Thirdly, it is for the supporters of the death penalty to prove beyond doubt that bringing back hanging will deter crime. They have to show why the status quo is not working. There is no statistical evidence to suggest that having the death penalty deters terrorists or murderers.

The Church reported on the death penalty in 2008. The report concluded:

“No system of justice devised and operated by humans is free from error or arbitrariness. The death penalty conflicts with the right to life enshrined in the European Convention in Human Rights, and the possibility of the death penalty has manifestly failed to deter murder, war crimes and genocide. The death penalty brutalises the society which practices it, and alternative sentences for serious crimes exist through which restitution and rehabilitation may be achieved. Inflicting death as a punishment limits the redemptive work of God in this life, work modelled by Jesus in his life of God’s compassion and mercy, and in his teaching of non-violence.
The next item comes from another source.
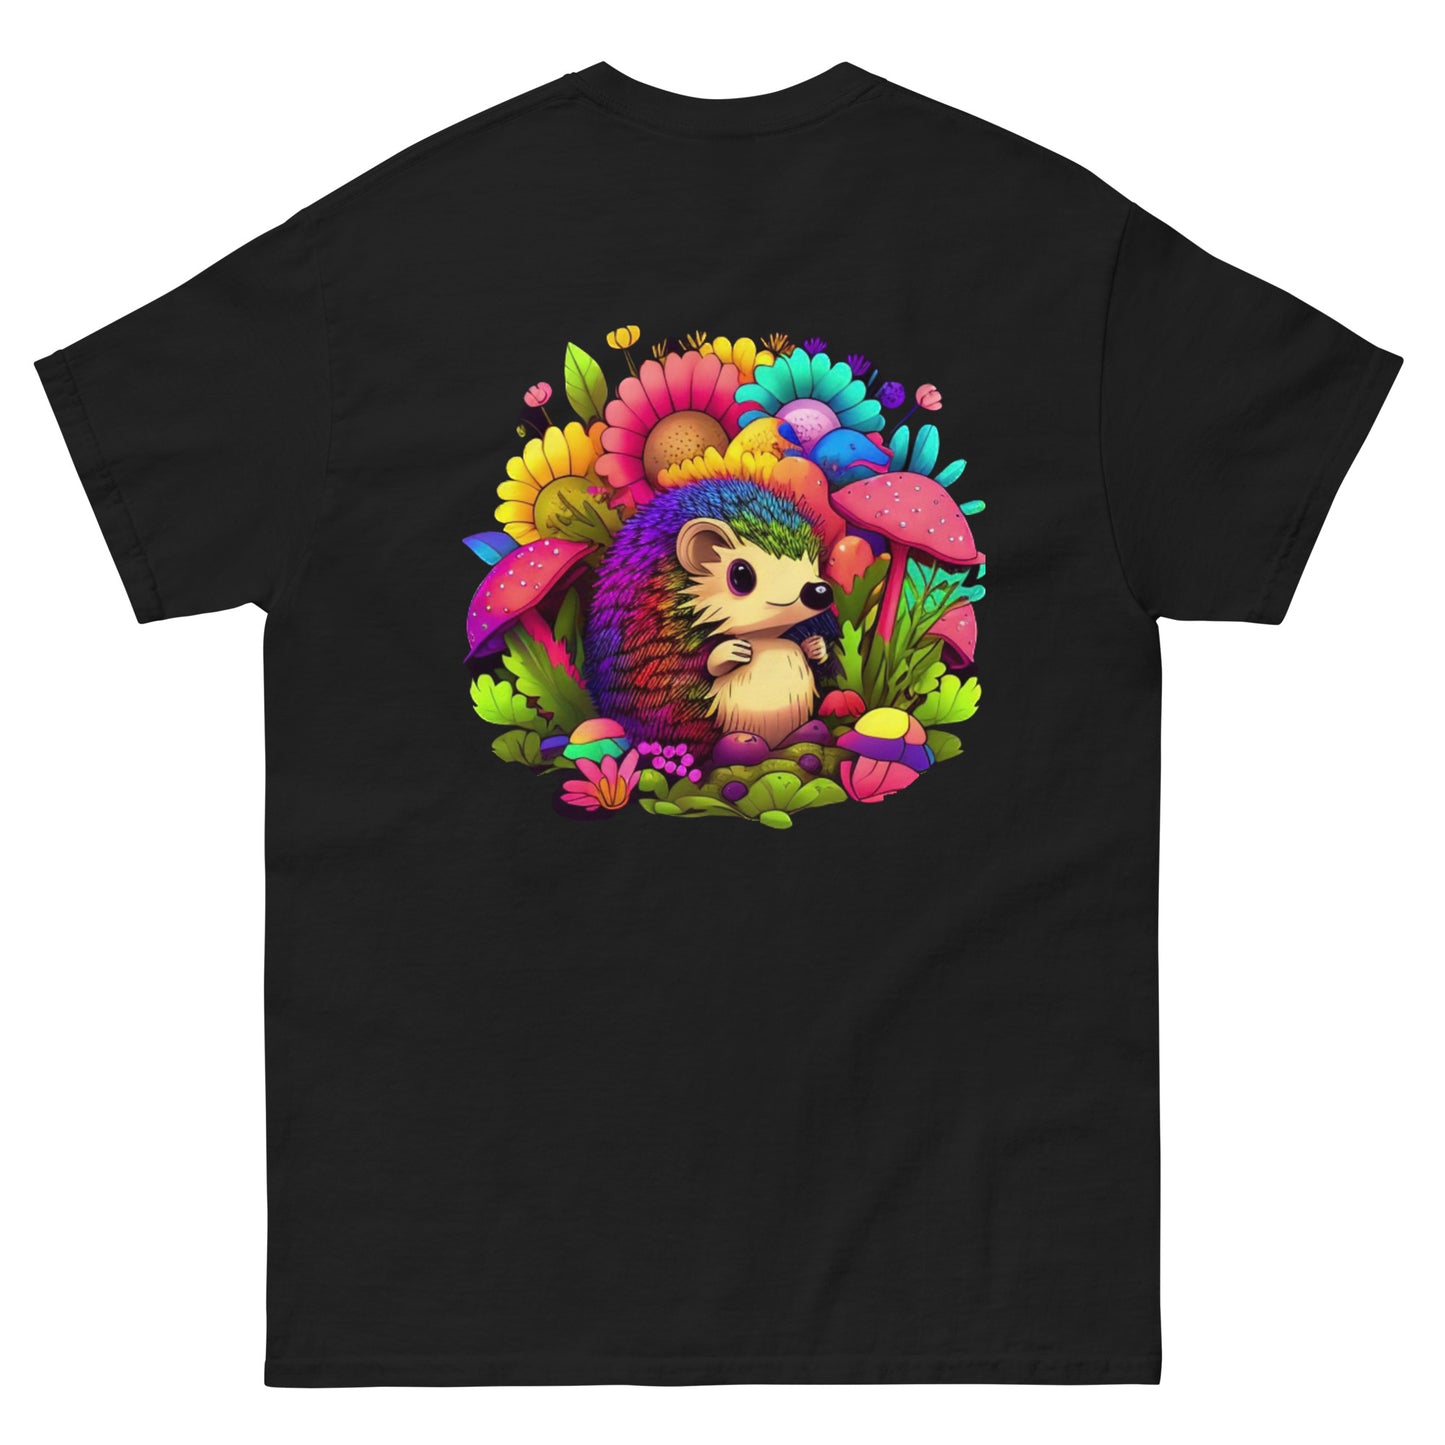 Pepita the hedgehog t-shirt

“Therefore the Church of Scotland affirms that capital punishment is always and wholly unacceptable and does not provide an answer even to the most heinous of crimes; and commits itself to work with other churches and agencies to advance this understanding, oppose death sentences and executions and promote the cause of abolition of the death penalty worldwide.”

1 comment:

  1. Death penalty? Barbaric, a crime against humanity to execute people! Making it legal doesn't make it right. I'm distressed that the issue should be brought up again.